## Assignment
All of the data should be copied exactly, with the pictures left out.

## Data below
◇ ◇ ◇ ◇
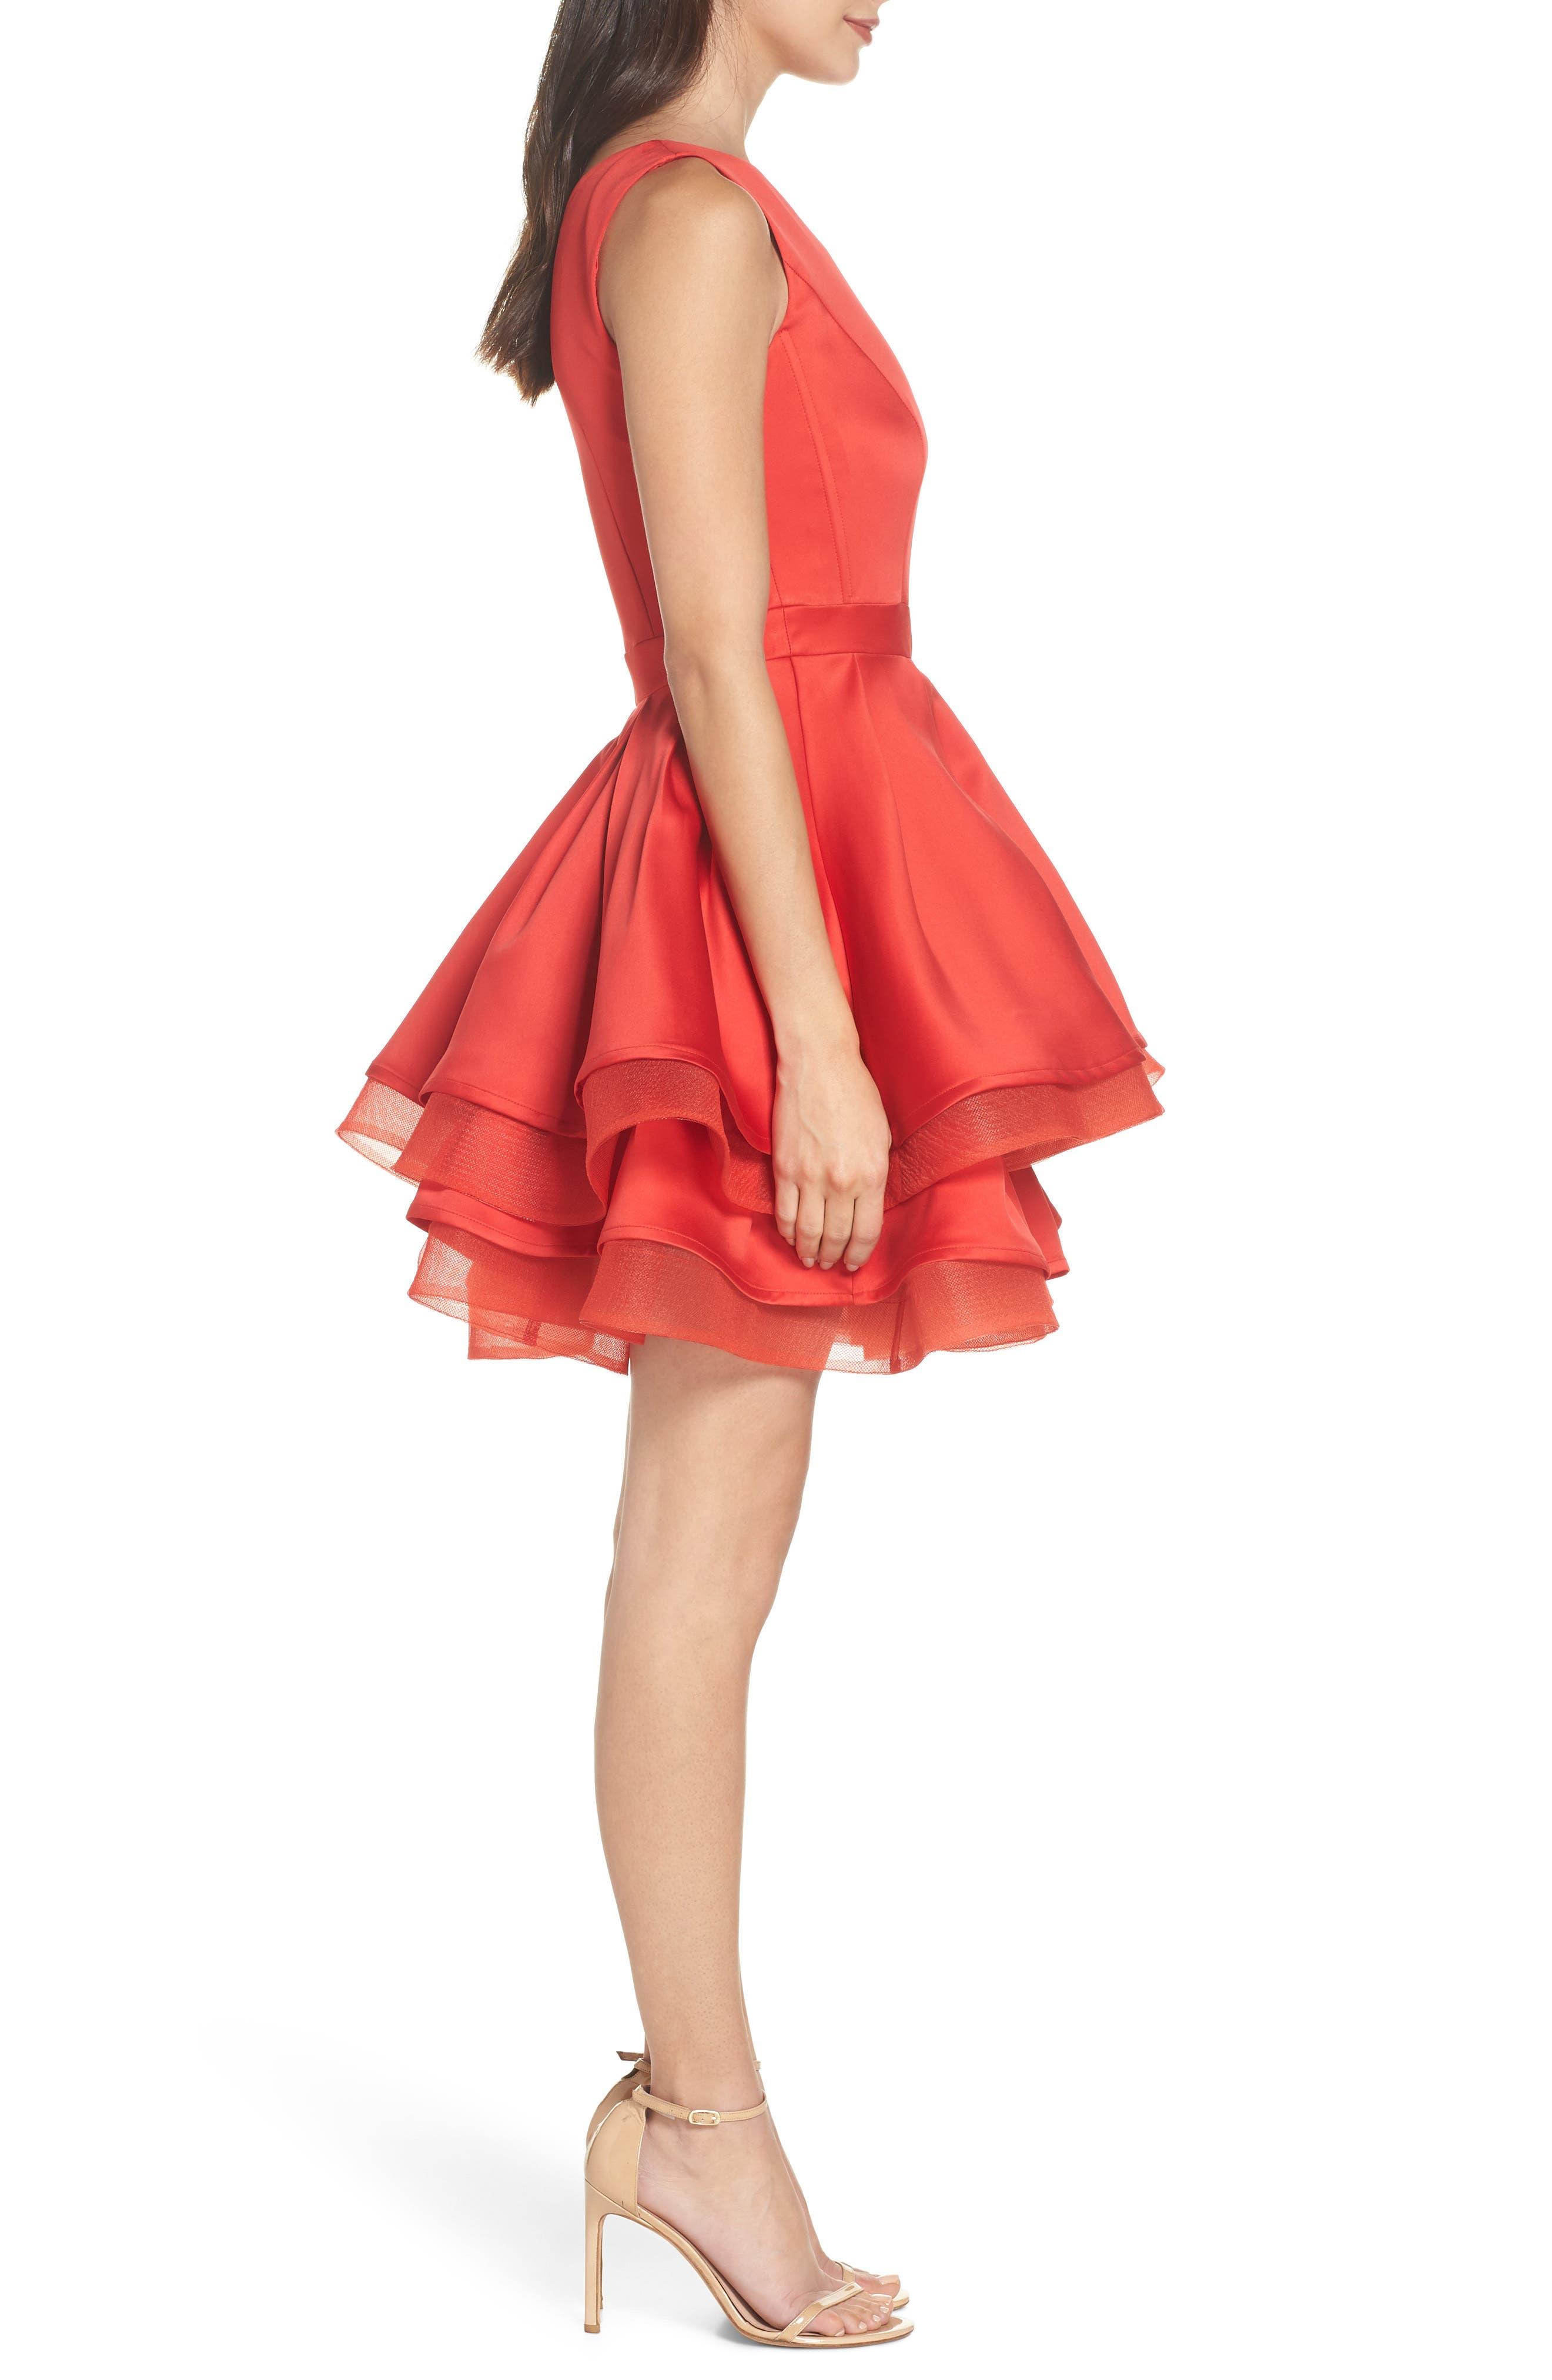 Emmanuel One-Shoulder Party Dress,                             Alternate thumbnail 3, color,                             600
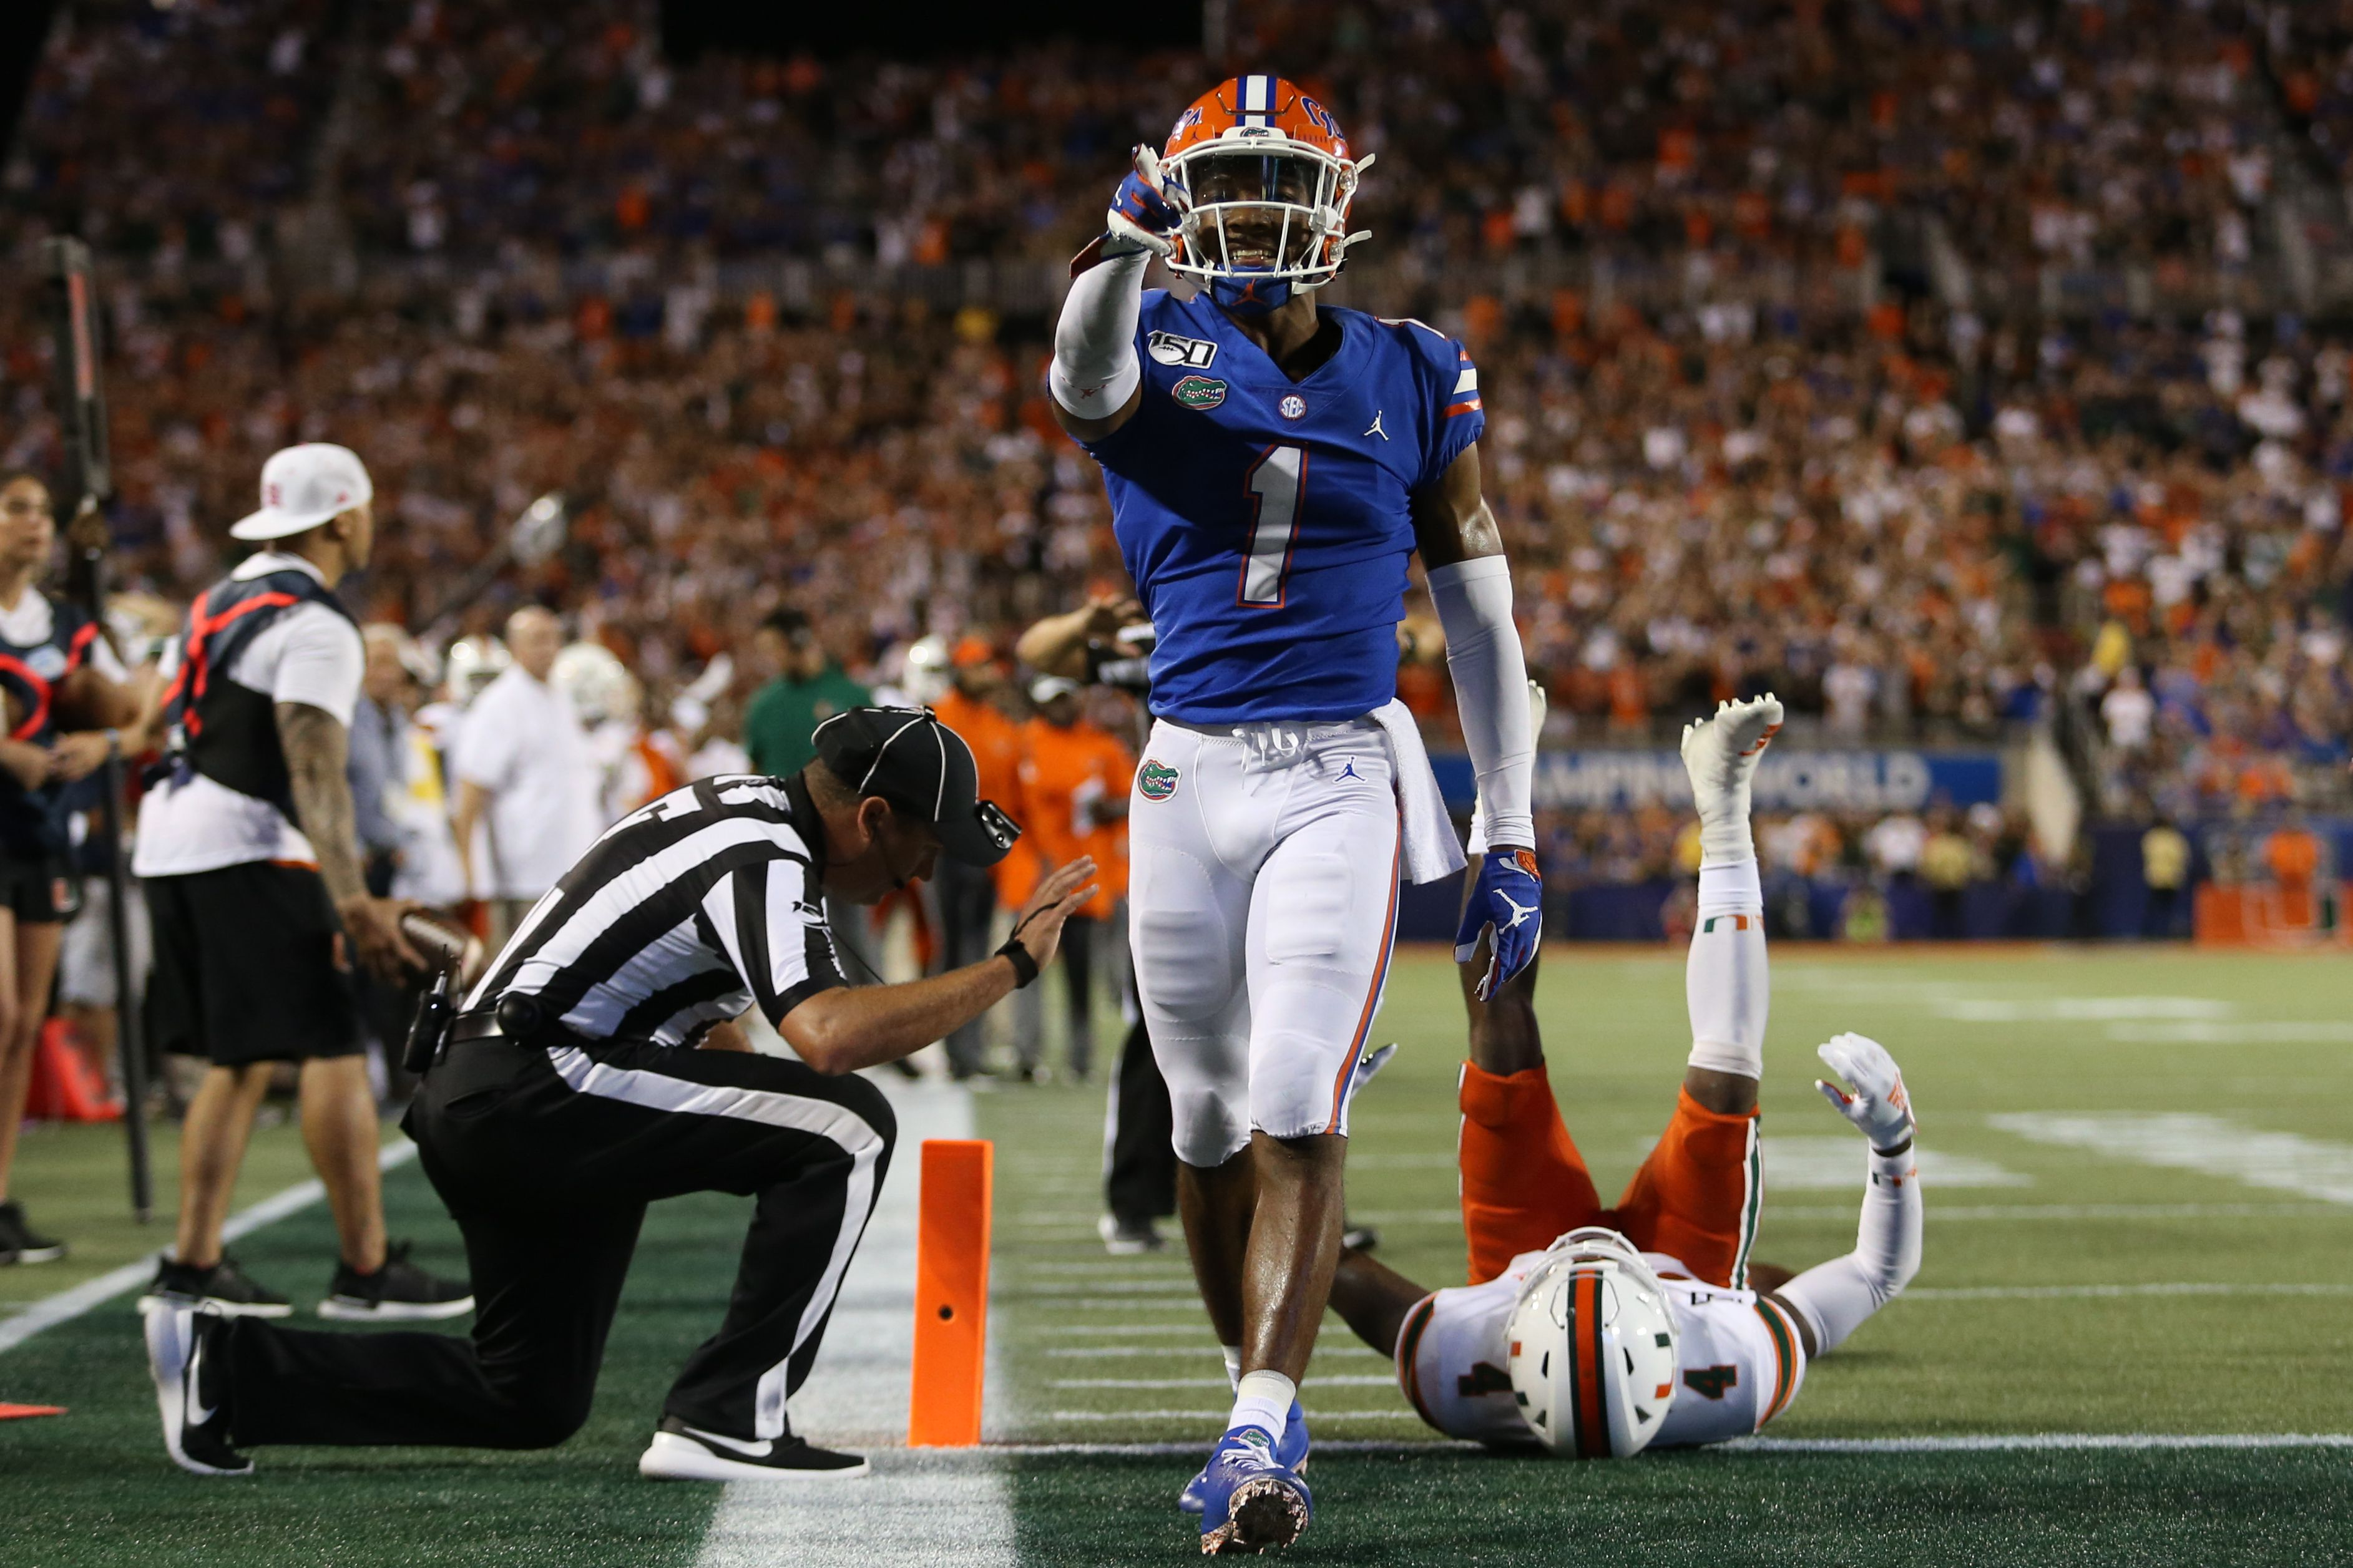 Florida player points at camera
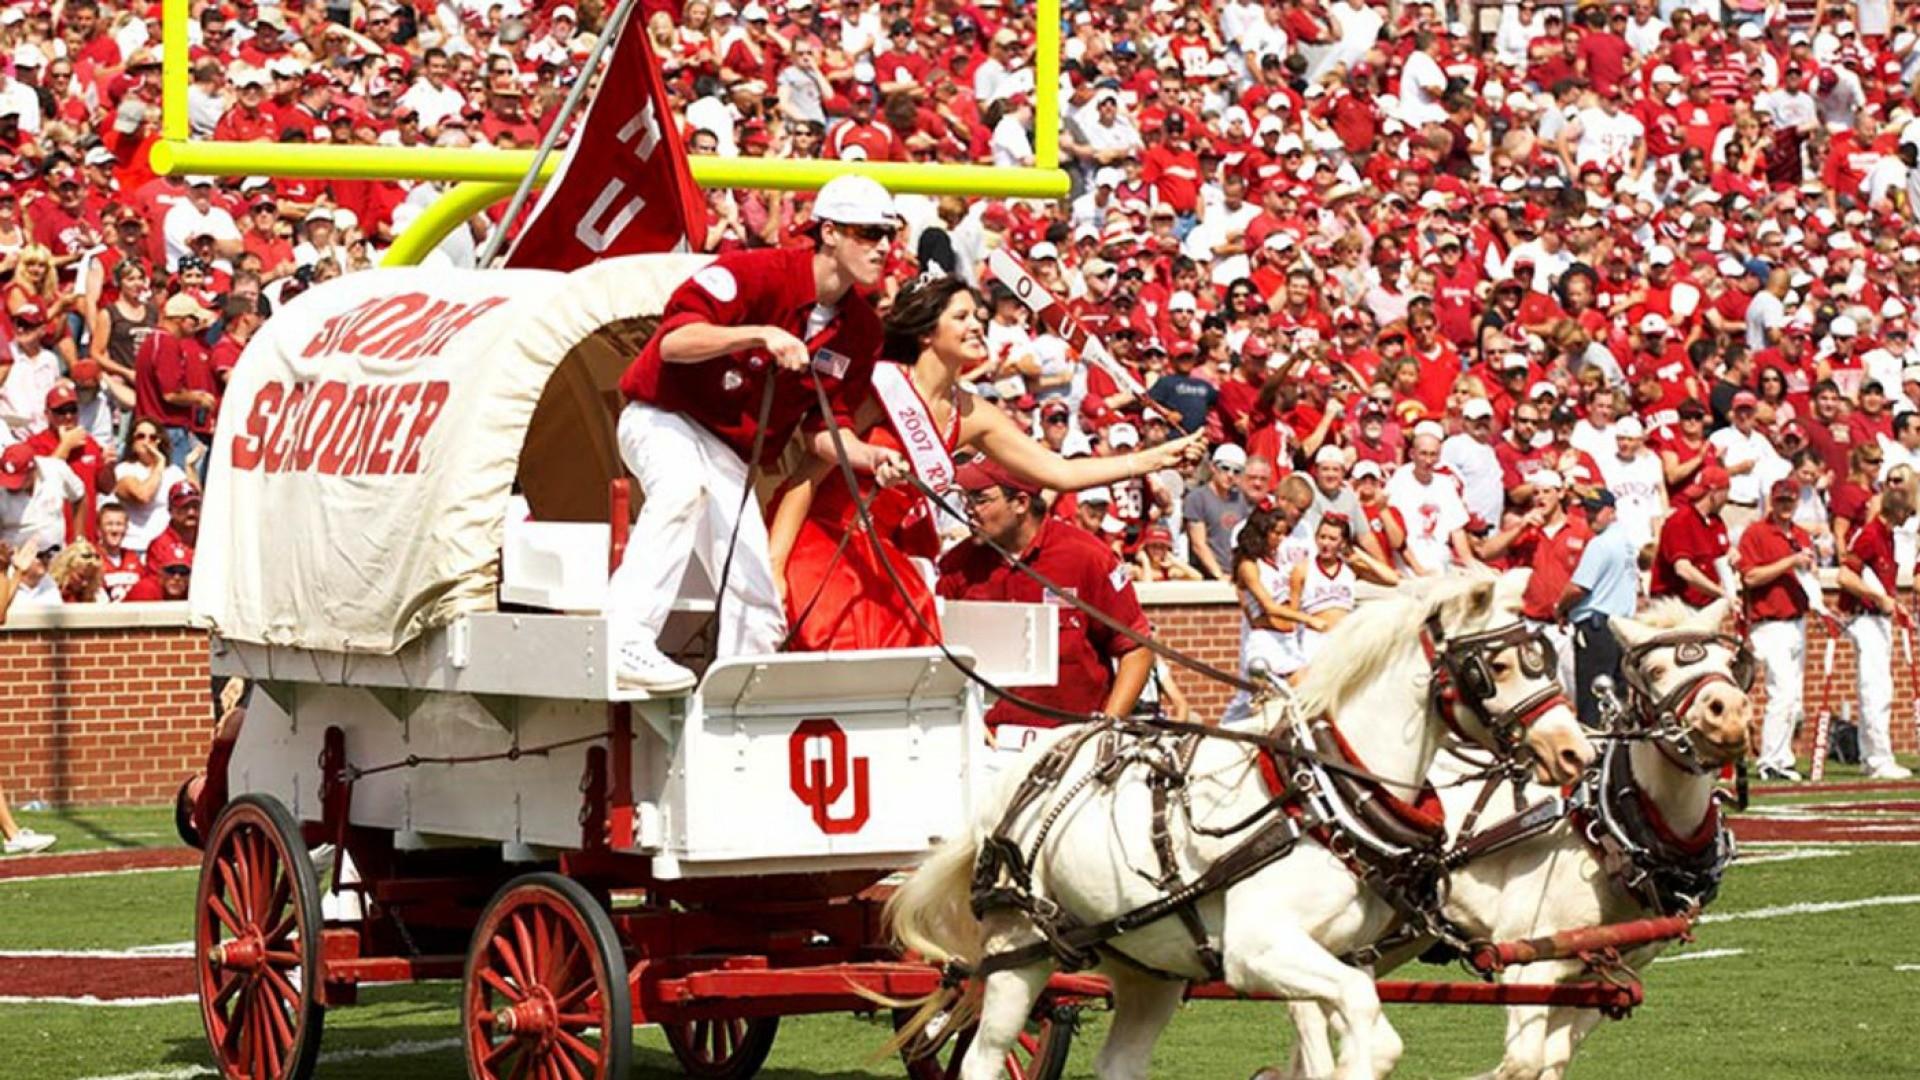 … Oklahoma Sooners Stadium Wallpaper Sooners Background …
◇ ◇ ◇ ◇
## Exercise solution
 Emmanuel One-Shoulder Party Dress,                             Alternate thumbnail 3, color,                             600
 Florida player points at camera
 … Oklahoma Sooners Stadium Wallpaper Sooners Background …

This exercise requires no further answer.